That evening he dined alone with his aunt, and the conversation during dinner and as they sat for a few minutes after dinner had reference solely to his uncle's health. But, though they were alone on this evening, he was surprised to find that Sophie Mellerby was again at Scroope. Lady Sophia and Mr. Mellerby were up in London, but Sophie was not to join them till May. As it happened, however, she was dining at the parsonage this evening. She must have been in the house when Neville arrived, but he had not seen her. "Is she going to live here?" he asked, almost irreverently, when he was first told that she was in the house. "I wish she were," said Lady Scroope. "I am childless, and she is as dear to me as a daughter." Then Fred apologized, and expressed himself as quite willing that Sophie Mellerby should live and die at Scroope.

The evening was dreadfully dull. It had seemed to him that the house was darker, and gloomier, and more comfortless than ever. He had hurried over to see a dying man, and now there was nothing for him to do but to kick his heels. But before he went to bed his ennui was dissipated by a full explanation of all his aunt's terrors. She crept down to him at about nine, and having commenced her story by saying that she had a matter of most vital importance on which to speak to him, she told him in fact all that she had heard from Lady Mary.

"She is a mischief-making gossiping old maid," said Neville angrily.

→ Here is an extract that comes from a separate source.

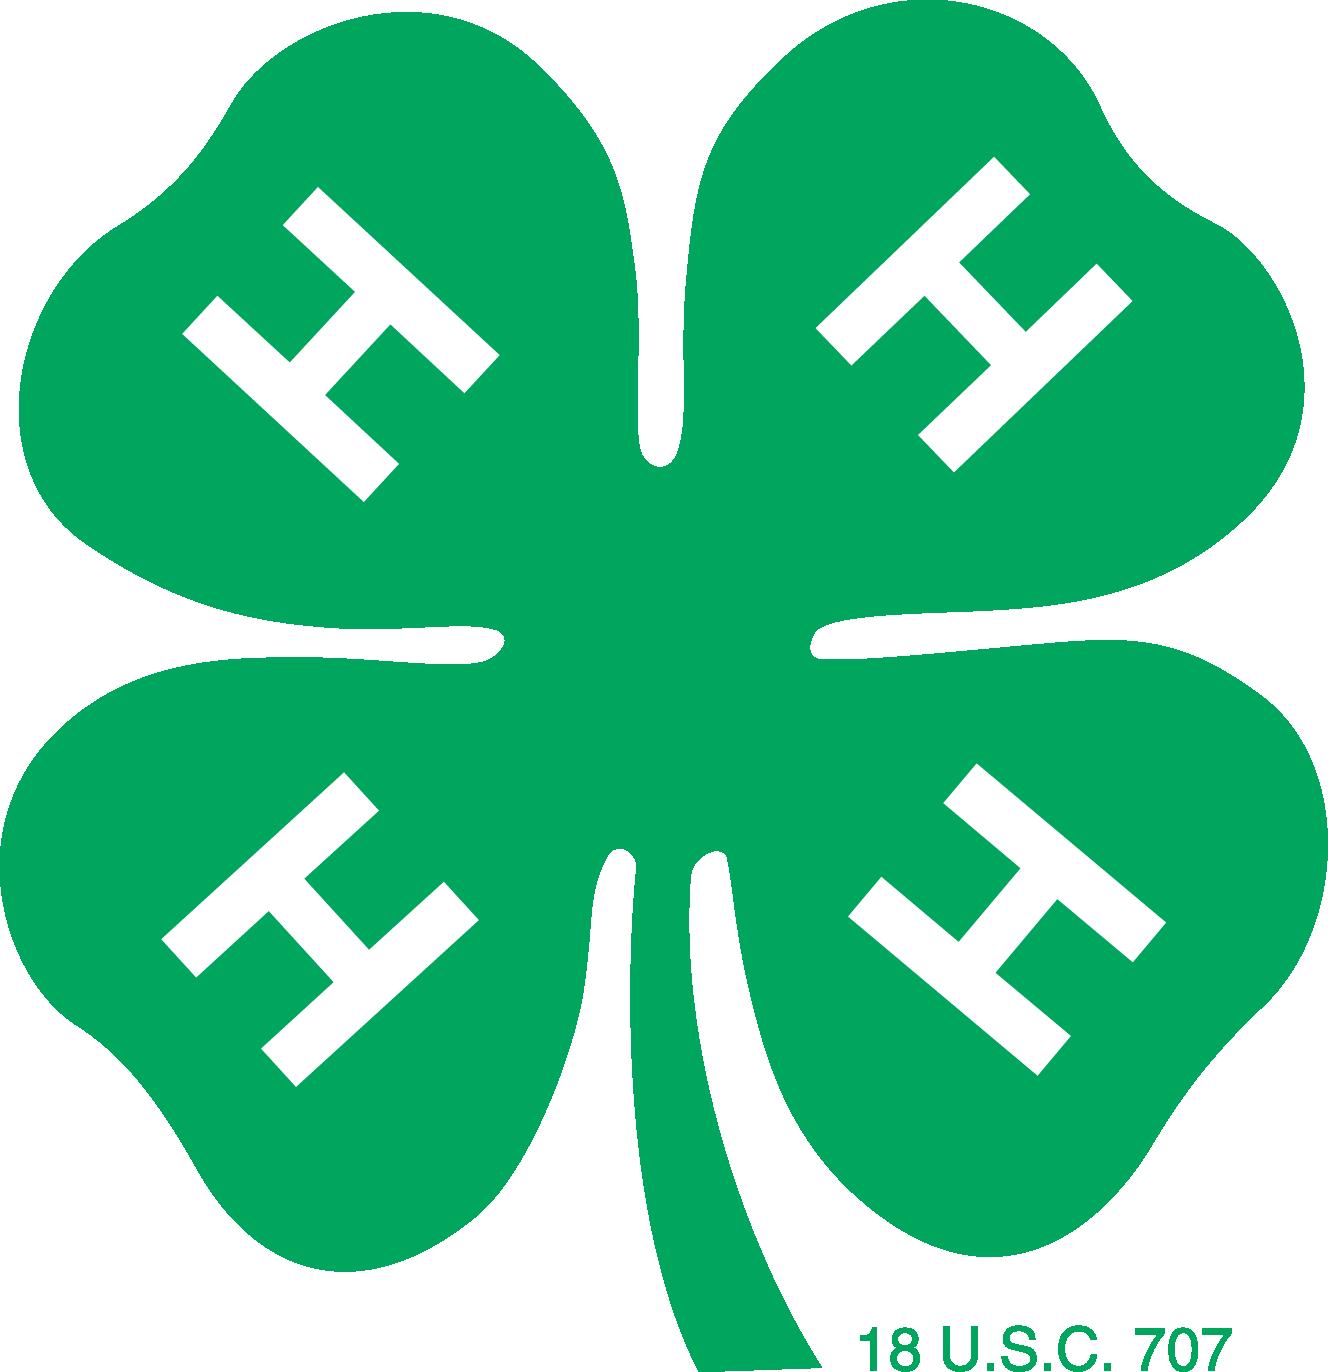 4 h logos spokane county washington state university

"Will you tell me that there is no truth in what she writes?" asked Lady Scroope. But this was a question which Fred Neville was not prepared to answer, and he sat silent. "Fred, tell me the truth. Are you married?"

"No;--I am not married."

"I know that you will not condescend to an untruth."

"If so, my word must be sufficient."

But it was not sufficient. She longed to extract from him some repeated and prolonged assurance which might bring satisfaction to her own mind. "I am glad, at any rate, to hear that there is no truth in that suspicion." To this he would not condescend to reply, but sat glowering at her as though in wrath that any question should be asked him about his private concerns. "You must feel, Fred, for your uncle in such a matter. You must know how important this is to him. You have heard what he has already suffered; and you must know too that he has endeavoured to be very good to you."